:: Input for this task

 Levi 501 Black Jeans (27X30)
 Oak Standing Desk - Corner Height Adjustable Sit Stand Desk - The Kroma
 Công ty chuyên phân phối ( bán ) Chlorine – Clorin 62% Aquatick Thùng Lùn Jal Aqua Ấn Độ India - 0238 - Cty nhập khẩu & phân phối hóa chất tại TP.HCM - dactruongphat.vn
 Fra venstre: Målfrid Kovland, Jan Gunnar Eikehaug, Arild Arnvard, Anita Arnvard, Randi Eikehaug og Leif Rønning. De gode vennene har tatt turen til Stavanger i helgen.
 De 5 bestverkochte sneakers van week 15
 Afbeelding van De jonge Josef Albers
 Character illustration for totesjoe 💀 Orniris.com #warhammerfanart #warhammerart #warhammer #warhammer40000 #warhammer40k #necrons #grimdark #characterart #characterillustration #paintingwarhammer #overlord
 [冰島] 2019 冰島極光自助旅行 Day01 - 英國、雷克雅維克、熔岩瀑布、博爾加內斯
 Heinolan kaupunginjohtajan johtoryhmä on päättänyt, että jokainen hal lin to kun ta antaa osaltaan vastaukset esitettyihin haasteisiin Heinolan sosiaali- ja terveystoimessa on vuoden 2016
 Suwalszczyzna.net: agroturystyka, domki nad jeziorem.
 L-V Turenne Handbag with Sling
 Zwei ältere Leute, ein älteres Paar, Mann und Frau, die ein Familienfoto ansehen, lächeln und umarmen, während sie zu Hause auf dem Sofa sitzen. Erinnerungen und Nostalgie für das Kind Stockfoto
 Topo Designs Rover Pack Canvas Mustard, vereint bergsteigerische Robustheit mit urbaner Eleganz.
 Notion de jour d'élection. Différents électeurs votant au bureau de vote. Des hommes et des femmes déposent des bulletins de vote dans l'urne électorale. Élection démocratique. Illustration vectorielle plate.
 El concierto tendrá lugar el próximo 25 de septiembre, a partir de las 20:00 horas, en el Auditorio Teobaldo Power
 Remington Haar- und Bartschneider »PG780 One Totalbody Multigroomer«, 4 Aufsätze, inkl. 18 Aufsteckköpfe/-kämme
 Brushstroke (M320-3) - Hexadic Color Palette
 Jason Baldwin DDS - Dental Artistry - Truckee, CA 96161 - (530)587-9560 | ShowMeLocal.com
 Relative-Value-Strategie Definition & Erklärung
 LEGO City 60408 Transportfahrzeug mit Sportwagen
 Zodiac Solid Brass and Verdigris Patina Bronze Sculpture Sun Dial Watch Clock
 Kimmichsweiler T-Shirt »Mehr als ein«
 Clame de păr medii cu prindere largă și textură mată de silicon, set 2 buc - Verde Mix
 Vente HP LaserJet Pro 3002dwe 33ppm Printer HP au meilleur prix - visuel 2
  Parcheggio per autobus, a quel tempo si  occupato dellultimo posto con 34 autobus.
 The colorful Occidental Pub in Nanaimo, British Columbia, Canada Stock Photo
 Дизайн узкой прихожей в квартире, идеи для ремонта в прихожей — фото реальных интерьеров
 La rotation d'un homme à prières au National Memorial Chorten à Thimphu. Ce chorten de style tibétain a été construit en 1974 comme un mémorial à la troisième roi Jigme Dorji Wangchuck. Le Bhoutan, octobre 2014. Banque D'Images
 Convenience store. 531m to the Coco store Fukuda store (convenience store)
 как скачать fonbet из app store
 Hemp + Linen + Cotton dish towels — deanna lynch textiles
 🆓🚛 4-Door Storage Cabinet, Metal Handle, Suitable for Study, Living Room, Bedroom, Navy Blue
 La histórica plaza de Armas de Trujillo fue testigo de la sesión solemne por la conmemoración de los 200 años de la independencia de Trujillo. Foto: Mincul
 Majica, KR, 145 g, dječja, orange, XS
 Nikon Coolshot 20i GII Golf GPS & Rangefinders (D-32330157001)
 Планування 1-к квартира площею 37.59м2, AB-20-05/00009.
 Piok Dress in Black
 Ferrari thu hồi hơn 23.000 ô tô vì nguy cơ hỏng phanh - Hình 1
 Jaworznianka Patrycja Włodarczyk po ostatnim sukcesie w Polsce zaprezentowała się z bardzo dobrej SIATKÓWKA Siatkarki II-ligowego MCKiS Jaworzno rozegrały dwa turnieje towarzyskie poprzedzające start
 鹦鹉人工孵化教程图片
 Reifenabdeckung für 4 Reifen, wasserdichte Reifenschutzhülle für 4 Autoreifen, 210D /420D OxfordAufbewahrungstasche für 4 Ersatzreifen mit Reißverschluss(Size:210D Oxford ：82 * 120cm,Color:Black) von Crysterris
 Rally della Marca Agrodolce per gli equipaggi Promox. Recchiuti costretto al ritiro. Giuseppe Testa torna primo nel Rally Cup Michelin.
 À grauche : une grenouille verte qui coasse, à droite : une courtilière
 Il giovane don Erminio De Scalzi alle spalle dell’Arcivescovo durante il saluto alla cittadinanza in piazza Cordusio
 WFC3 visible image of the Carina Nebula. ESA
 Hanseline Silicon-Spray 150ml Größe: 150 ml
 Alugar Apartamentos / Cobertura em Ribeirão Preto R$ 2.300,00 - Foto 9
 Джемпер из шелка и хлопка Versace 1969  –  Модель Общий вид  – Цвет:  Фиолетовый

::::

When you retype the data above, start at its first line, stop after the line containing "Công ty chuyên", and leave out everything else.

[Answer to the problem]
 Levi 501 Black Jeans (27X30)
 Oak Standing Desk - Corner Height Adjustable Sit Stand Desk - The Kroma
 Công ty chuyên phân phối ( bán ) Chlorine – Clorin 62% Aquatick Thùng Lùn Jal Aqua Ấn Độ India - 0238 - Cty nhập khẩu & phân phối hóa chất tại TP.HCM - dactruongphat.vn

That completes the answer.